Furthermore, geographic variation in the incidence of GC have been reported. The global burden of gastric cancer is over 1,000,000 new cases and 769,000 deaths per year. Gastric cancer age standardized incidence rates are highest in Eastern Asia with rates of 32.5 for males and 13.2 for females. Most extensive studies have been performed on Northern American and Asian populations, which have led to better prevention and screening strategies. For example in Japan 2/3 of the incidence rates are early stage cancers, leading to declining dead rates [5]. Also in other parts of the world such as South America and Eastern and Southern Europe gastric cancer is a prevalent disease. However, these populations are often underrepresented in molecular profiling studies and clinical trials and therefore not completely understood [1]. Geographic variations in incidence rates are seen between but also within continents [6]. This could be illustrated by the differences in mortality in Chile and its neighboring country Argentina: The number one cancer death cause for Chilean males is GC, while for males in Argentina, GC is ranked in the fifth place. For females from these countries an opposite trend is observed. Several studies have suggested there may be a strong environmental component explaining these regional variations in GC incidence and mortality, as well as in age, obesity and lifestyle [6,7,8]. However, direct comparisons in risk factors between countries is challenging as most of this knowledge comes from patient data included in different studies [9, 10]. Great geographical differences may also be explained by differences that are observed in prevalence and resistance rates of HP, which infects 50% of the world population and is the most important risk factor of GC [11, 12]. Furthermore, epidemiological and molecular features of GC vary widely by histological type, location, and genetic makeup of the tumor among patients worldwide [13].

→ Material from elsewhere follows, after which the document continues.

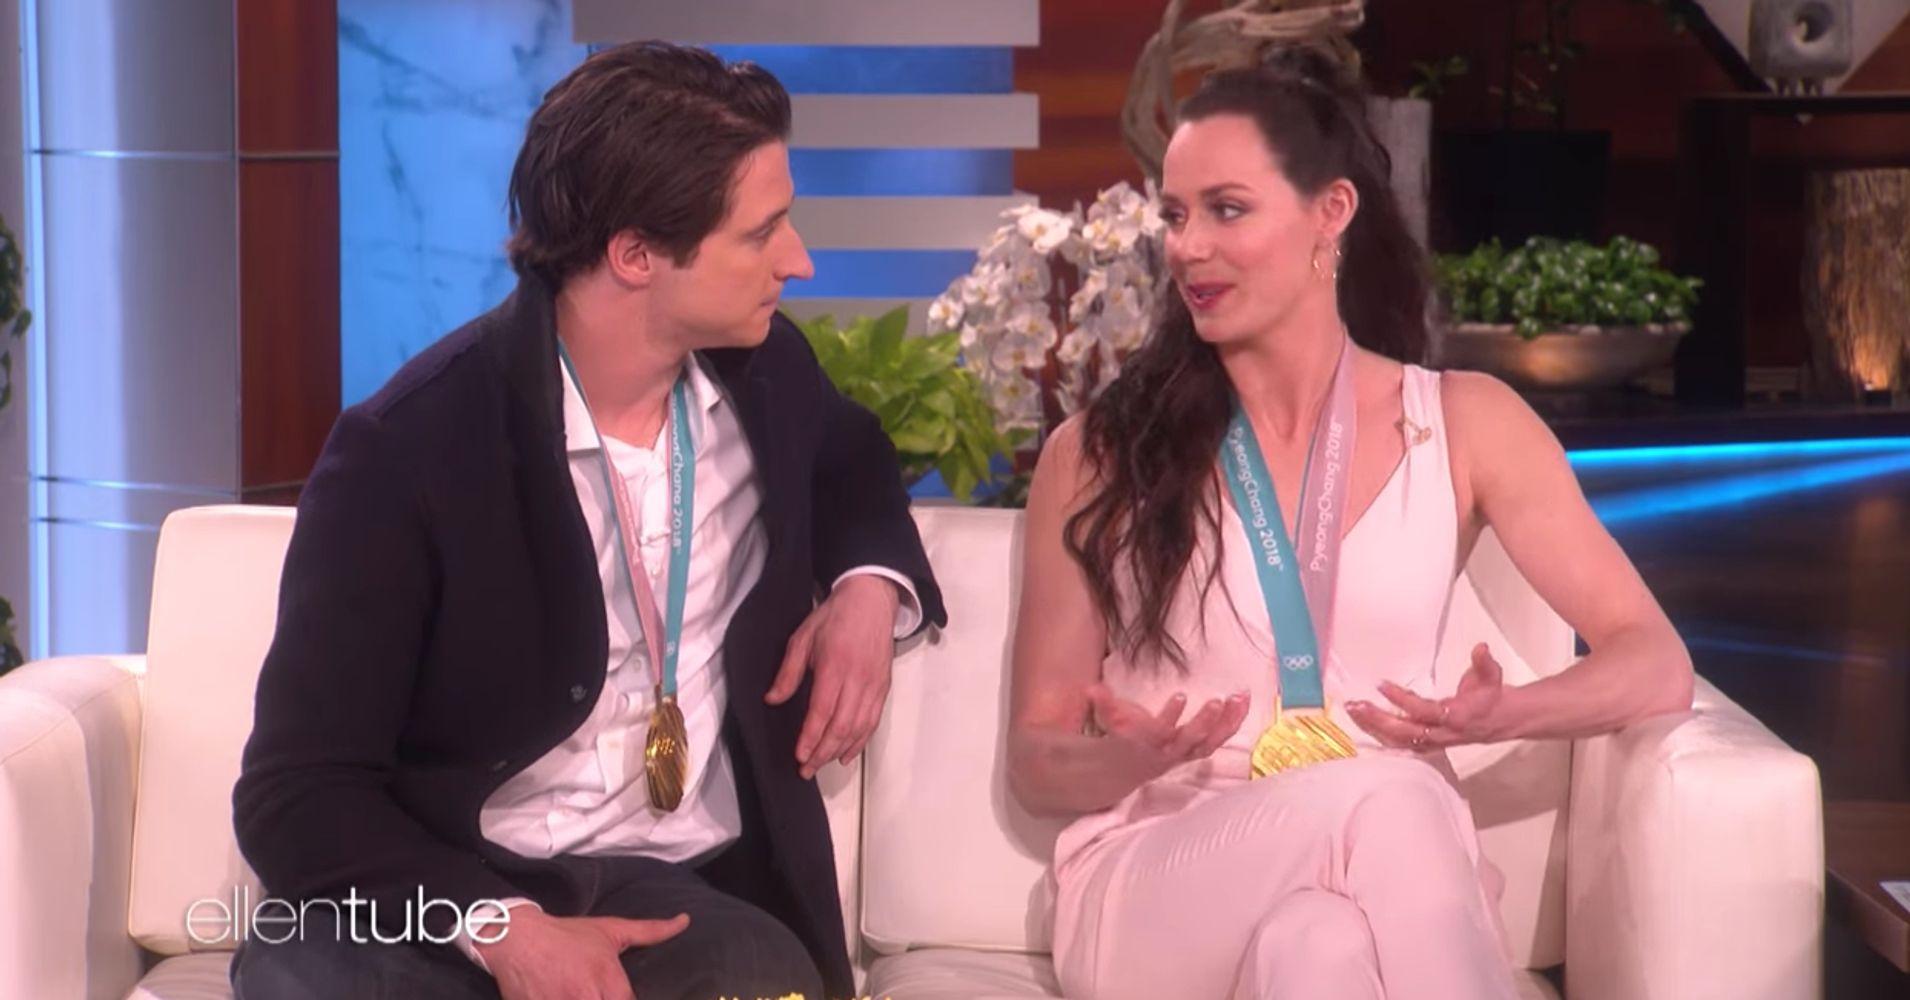 Ellen DeGeneres Has Tessa Virtue And Scott Moir Play 'Definitely Not Dating' Game

There have been multiple attempts to increase our understanding of the molecular drivers of GC [14, 15]. Studies from The Cancer Genome Atlas (TCGA) project and The International Cancer Genome Consortium (ICGC), for instance, have identified four molecular subgroups based on genomic, epigenetic, transcriptomic and proteomic data: tumors positive for Epstein-Barr virus, microsatellite instable tumors, genome stable cancers and tumors with chromosomal instability [14, 16]. These subgroups differ in molecular and immunological features [17], which are associated with prognosis and response to treatment [18,19,20]. TCGA profiling has mostly been via analysis of non-advanced gastrectomy samples (stages I-II). Much less is known about the molecular profile of advanced cancers (stage III-IV) and cancers located at the gastroesophageal junction (GEJ). Furthermore, as patients from European (EU) and Latin American (LATAM) countries are underrepresented in these studies, it is unknown whether the molecular subtypes are fully representative of these populations [21]. Finally, available multi-omic classification procedures are too difficult and expensive to be implemented in the clinical setting, especially in LATAM countries.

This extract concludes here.